2. The servo-driven metering valve according to claim 1, characterized in that, The servo motor (5) is a brushless stepper motor that is already available on the market. The servo motor (5) is equipped with a soft start module. The output end of the servo motor (5) is connected to the planetary reducer (4) for transmission.
3. A servo-driven metering valve according to claim 1, characterized in that, The rotating shaft between the servo motor (5) and the planetary reducer (4) is integrally connected to the housing of the servo motor (5) and the planetary reducer (4) through a protective housing.
4. A servo-driven metering valve according to claim 1, characterized in that, The planetary carrier inside the planetary reducer (4) is fixedly installed. The output end of the servo motor (5) is fixedly connected to the center wheel of the planetary reducer (4). The output shaft of the planetary reducer (4) is fixedly connected to the internal gear ring of the planetary reducer (4).
5. A servo-driven metering valve according to claim 1, characterized in that, The closed-loop feedback controller (7) is electrically connected to the motor servo (6) and is equipped with an encoder feedback module.
6. A servo-driven metering valve according to claim 1, characterized in that, The valve body (1) is a rotating ball valve structure, and a spherical valve core (12) is provided inside.

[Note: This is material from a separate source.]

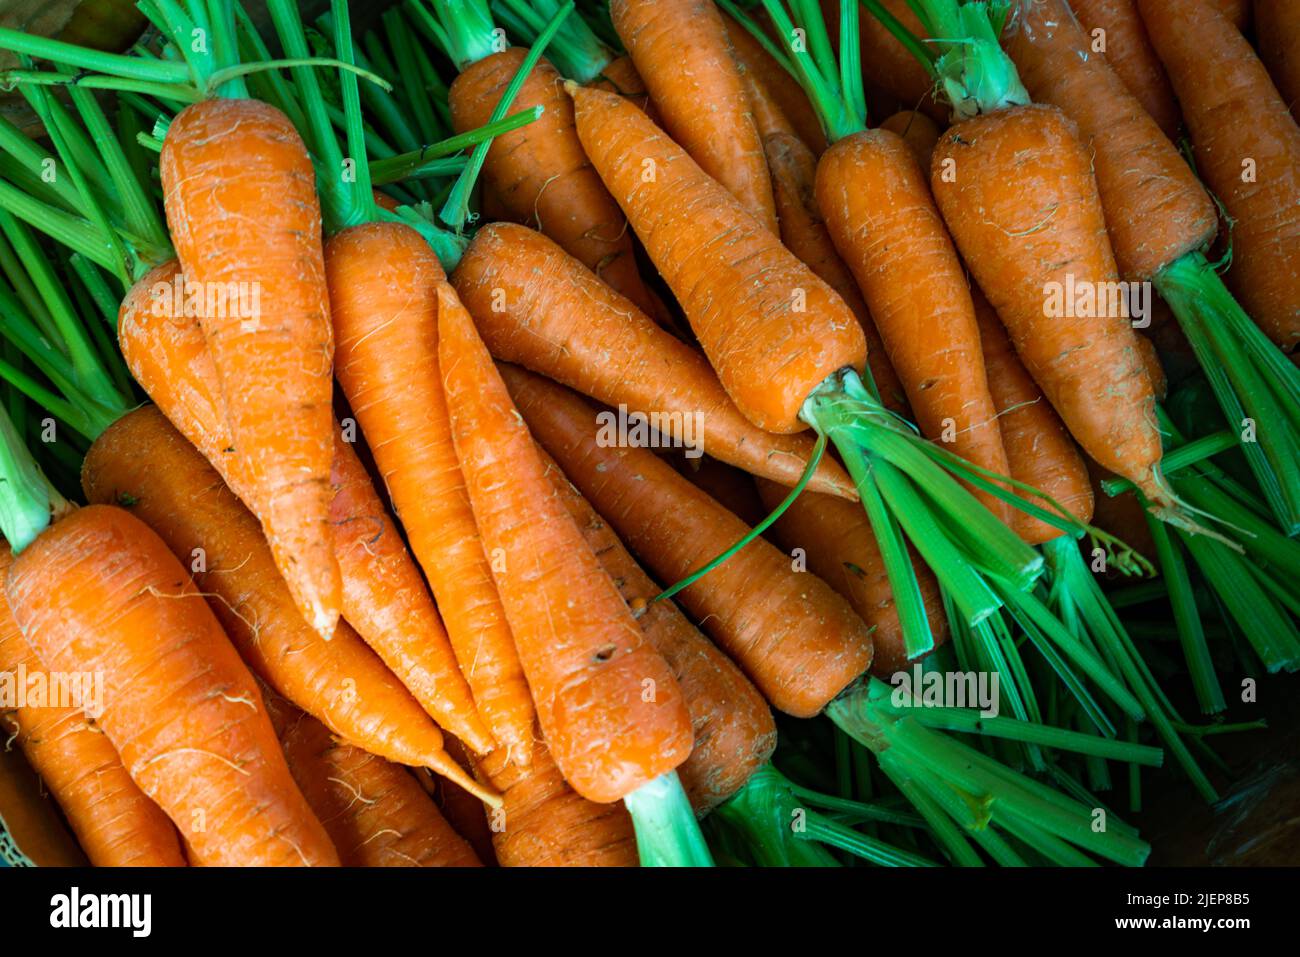 Homegrown fresh harvest of orange garden carrots. Ripe carrots Stock Photo

A V-shaped groove (13) is provided through one side of the valve core (12). The end of the valve stem (9) away from the coupling (8) passes through the connecting seat (2) and is fixedly connected to the valve core (12).
7. A servo-driven metering valve according to claim 1, characterized in that, The valve body (1) is provided with an oil injection seat (11) at one end away from the connecting seat (2), and a sealing cover is fixedly connected to the outside of the oil injection seat (11) by screws.